TASK PROMPT
Return the run of lines below that opens with the line containing "Cute lil bunny and heart eyes emoji" and closes with the line containing "Bolivie drapeau arrière-plan", keeping each one exact.

DATA FOR ANALYSIS

——

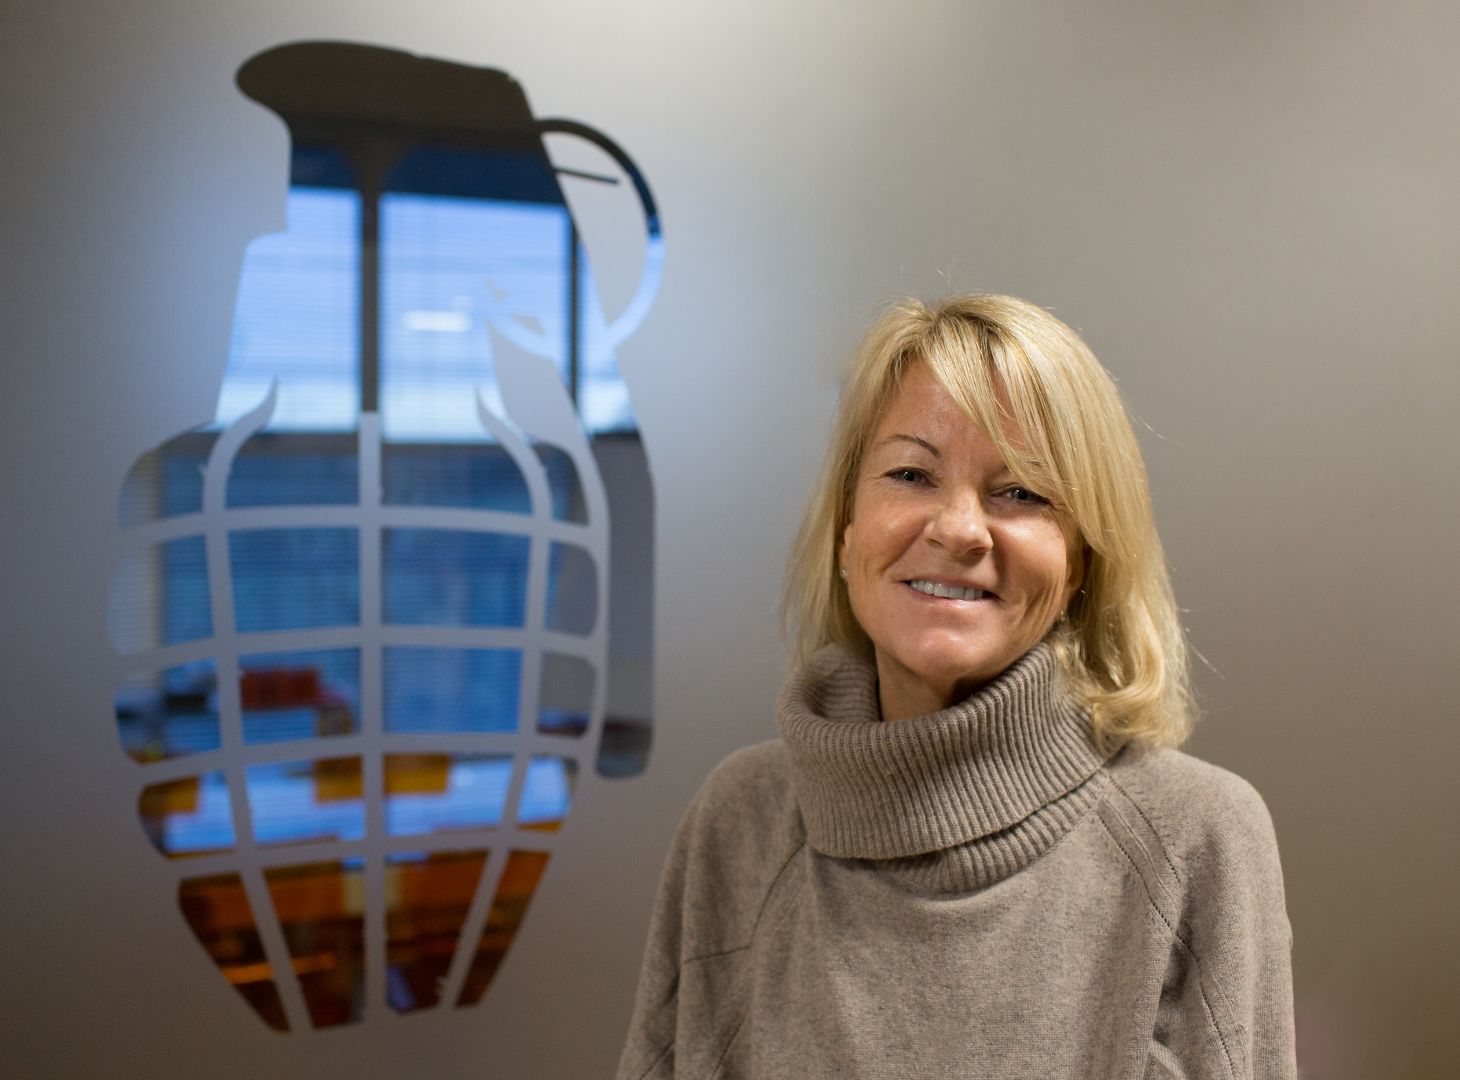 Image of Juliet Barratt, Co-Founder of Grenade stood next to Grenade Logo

——

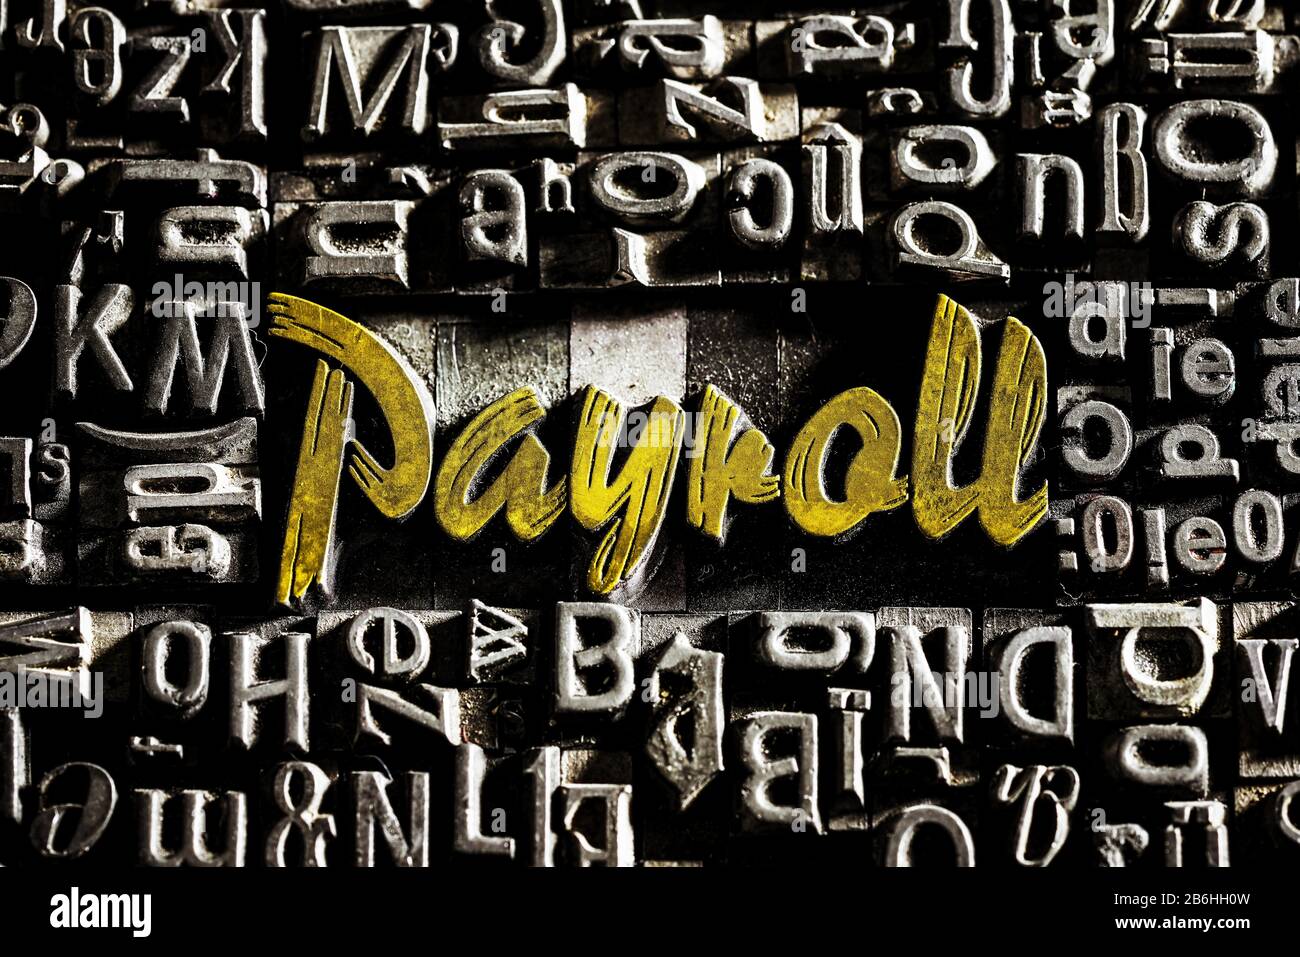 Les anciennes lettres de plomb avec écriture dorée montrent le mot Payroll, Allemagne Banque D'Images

——

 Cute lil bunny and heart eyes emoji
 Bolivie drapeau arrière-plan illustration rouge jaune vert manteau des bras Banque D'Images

——

RESPONSE AREA
 Cute lil bunny and heart eyes emoji
 Bolivie drapeau arrière-plan illustration rouge jaune vert manteau des bras Banque D'Images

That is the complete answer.